INFORMATION GIVEN:
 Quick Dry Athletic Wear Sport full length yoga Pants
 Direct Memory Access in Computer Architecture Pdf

==

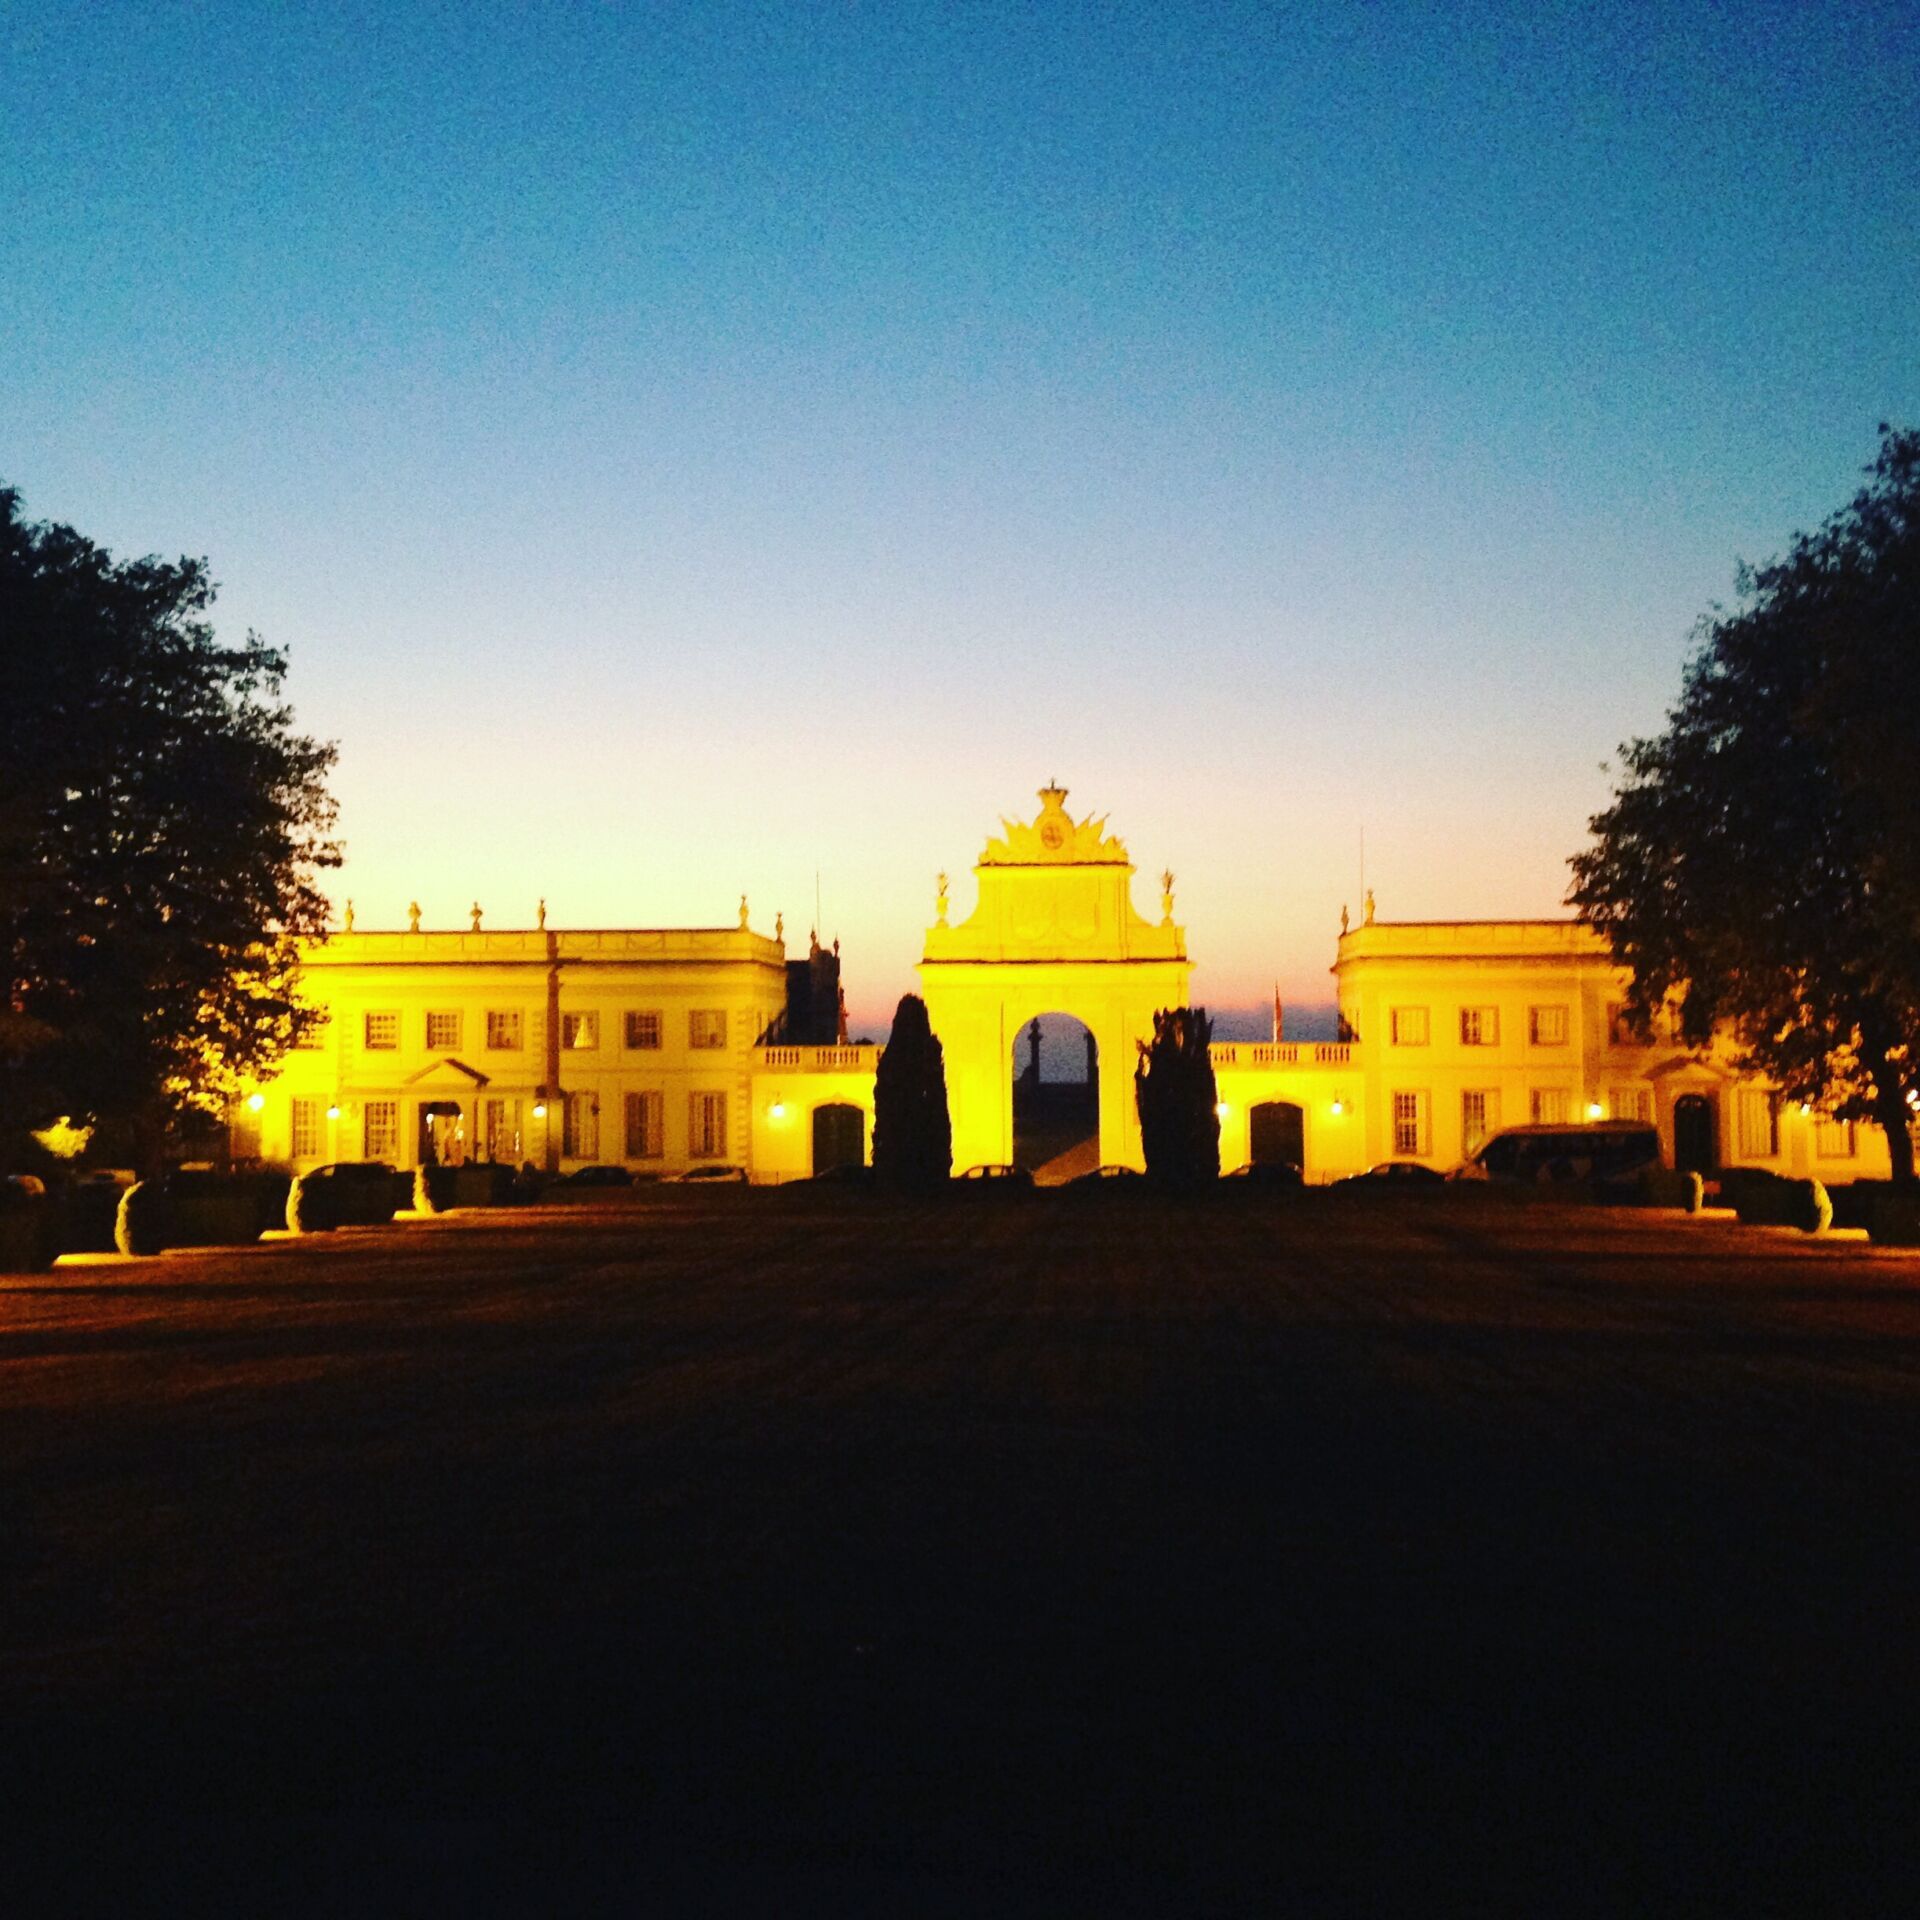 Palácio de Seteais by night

==

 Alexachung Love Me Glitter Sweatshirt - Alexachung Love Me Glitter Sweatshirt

PROBLEM:
Beginning at the line with "Quick Dry Athletic" and ending at the line with "Direct Memory Access", reproduce each line of the data above exactly, and add no other lines.

RESULT OF THE EXERCISE:
 Quick Dry Athletic Wear Sport full length yoga Pants
 Direct Memory Access in Computer Architecture Pdf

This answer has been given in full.